Looking forward, two things seem about as certain as anything can be about the future. First, within the frame of the strong limitations on what Cuba is able to do including what changes it can make because of the Blockade, it will continue its process of deep economic, political, and social reforms. As a first goal these are aimed at elevating the level of its productive forces, but beyond that, they are aimed at creating the human-centred socialism that has been the declared goal of the Revolution since 1961, under the conditions Cuba faces in the world today. And second, the largest contribution to its economic hardships, the Blockade, will not be mitigated in the future. When this issue of the journal is published it will have been determined if Kamala Harris or Donald Trump will be the next resident of the US. If Harris wins we can expect the current intensified Blockade to be maintained as is at least for four years, since she has made absolutely no indication that she will either reduce it or further intensify it. Trump, on the contrary, has indicated that he (meaning Marco Rubio, who Trump will again outsource his Cuba policy to as he did in his last administration) will still further intensify the Blockade.
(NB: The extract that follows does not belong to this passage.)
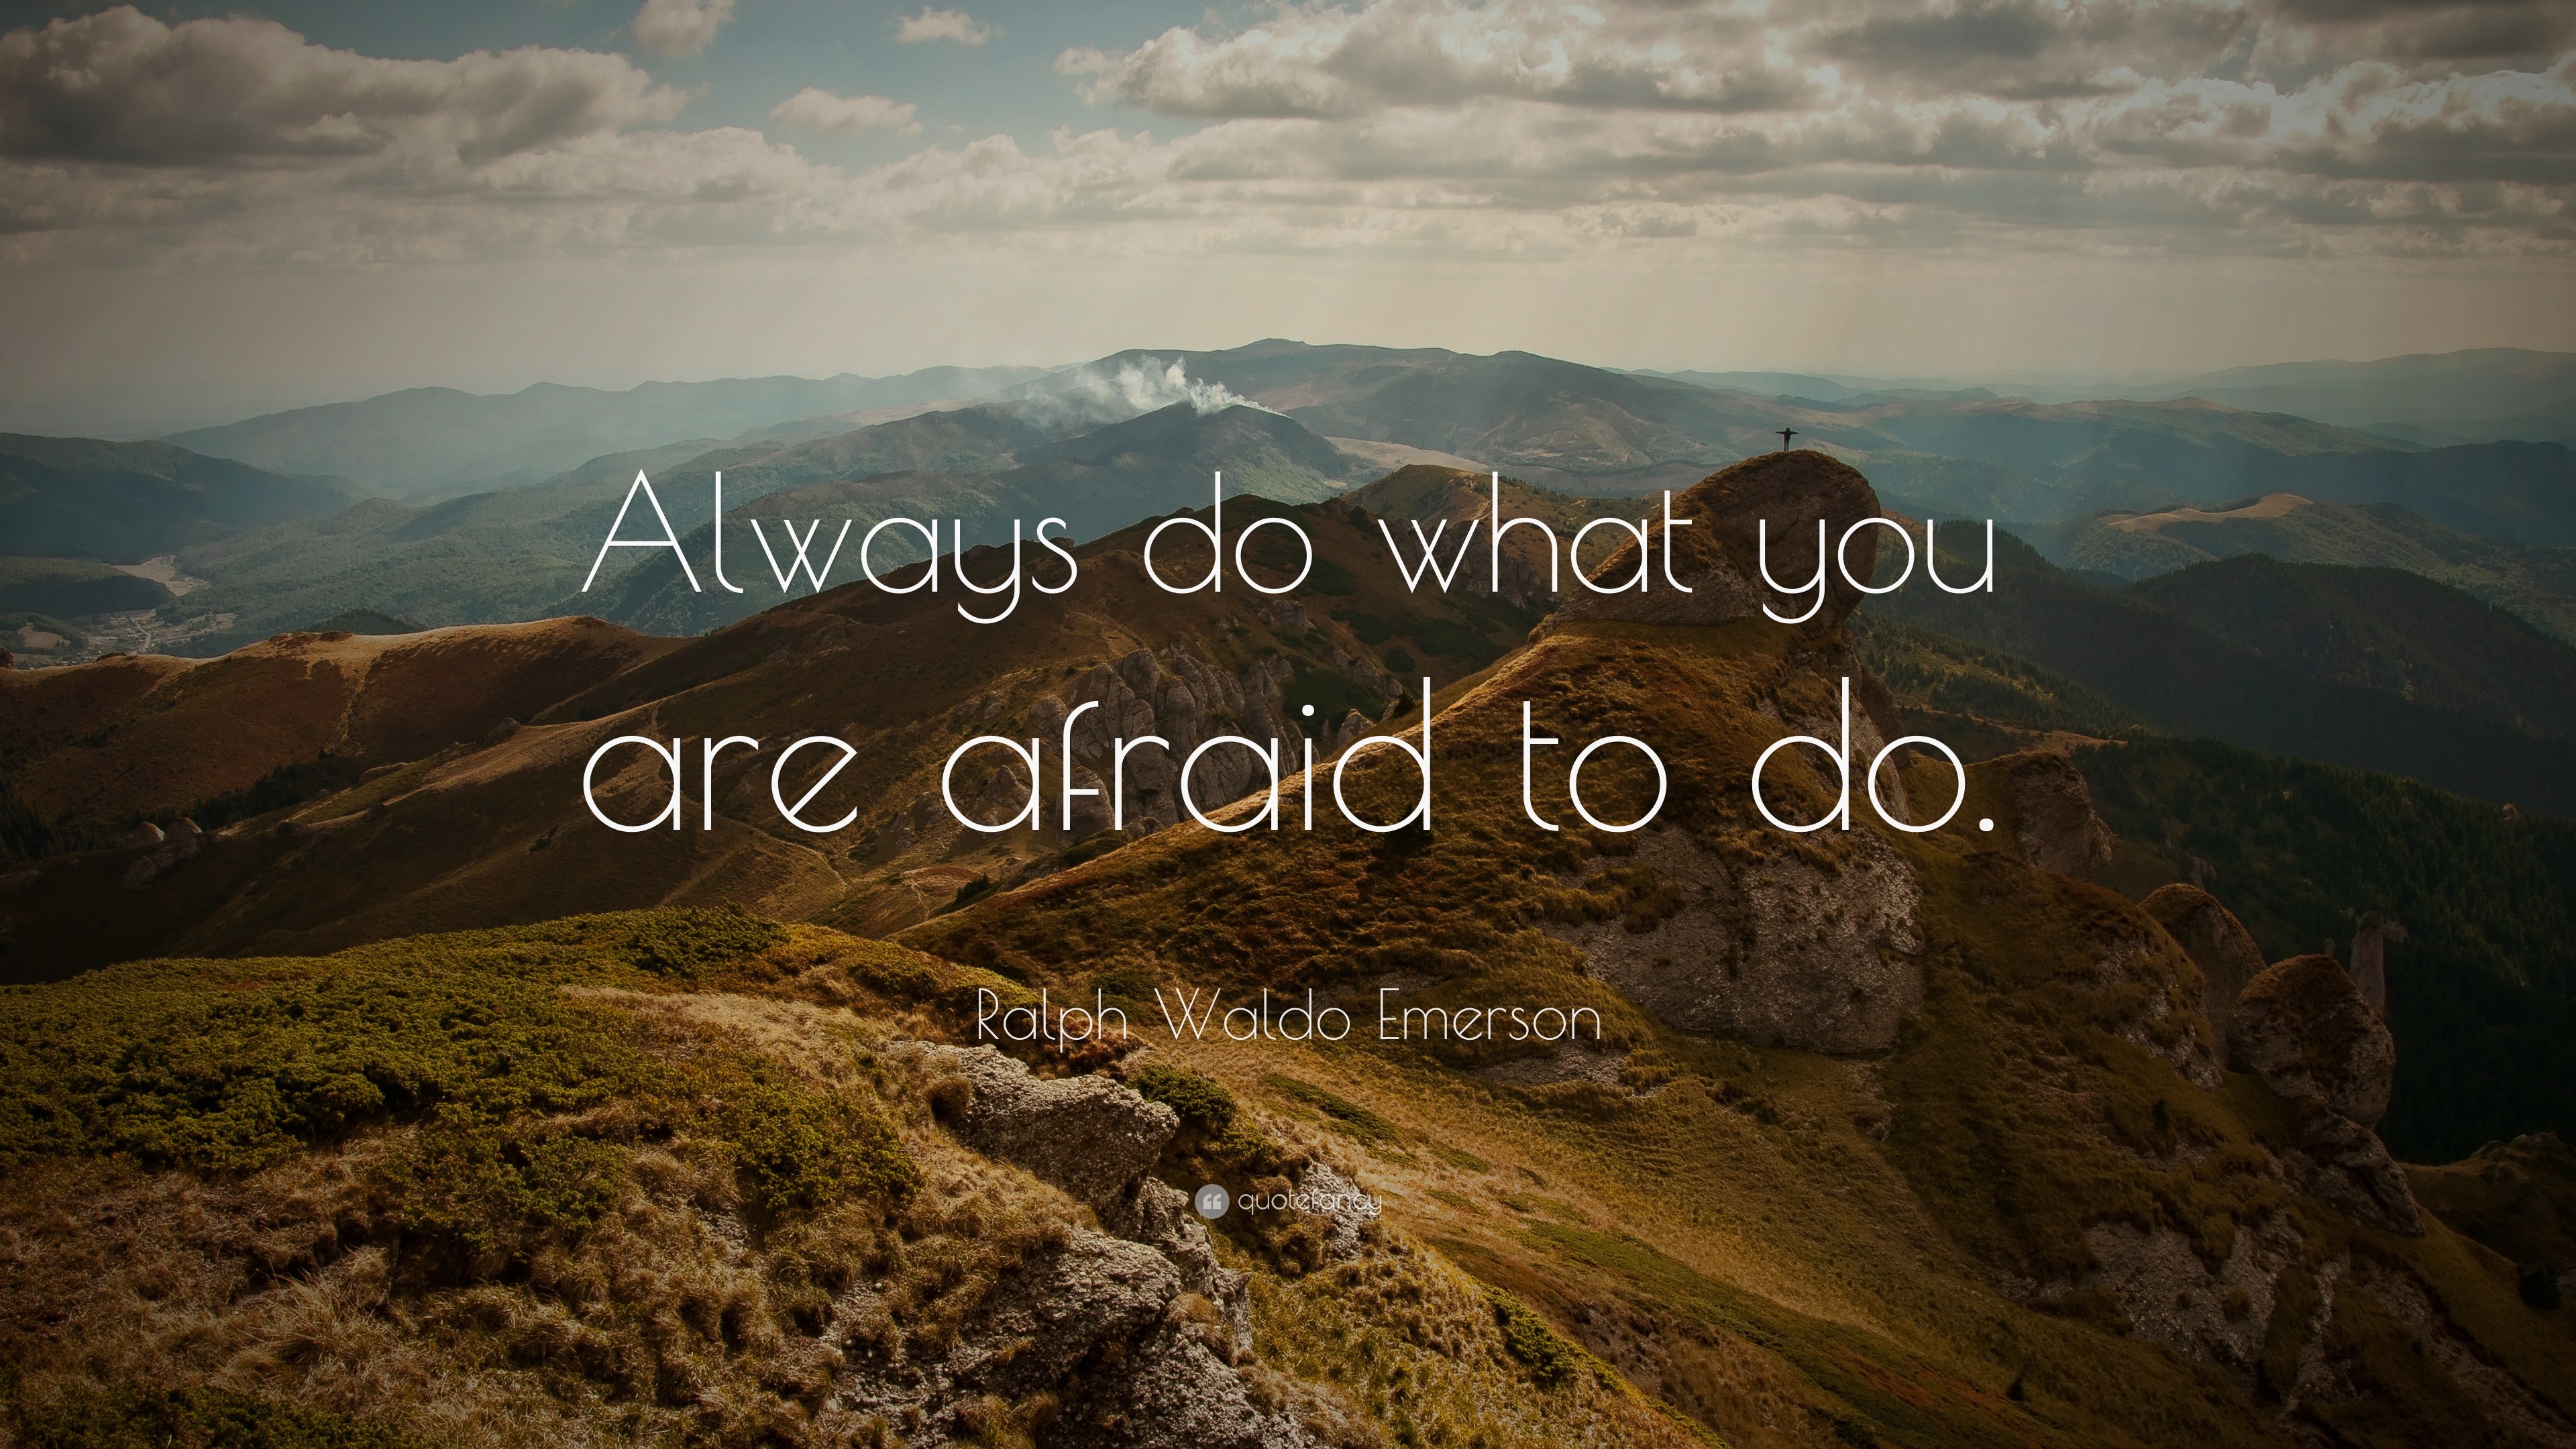 Ralph Waldo Emerson Quote: “Always do what you are afraid to do.”

In the case of a Harris victory, Cuba can look forward to some improvement in its economic situation as it continues its reform process and continues to build new trade relations around the Blockade with Russia, China, the BRICS, and other countries in the Global South with some degrees of independence from US pressures. As long as the Blockade is maintained at its current intensity, however, it is not possible for Cuba to achieve a healthy economic performance – the hardships will continue, though hopefully diminished. In the case of a Trump victory, it is not clear how much worse additional sanctions will make Cuba’s economic hardships given the extreme measures of the Blockade already, but in this case it cannot be ruled out as a possibility that Cuba’s economic hardships will somewhat worsen.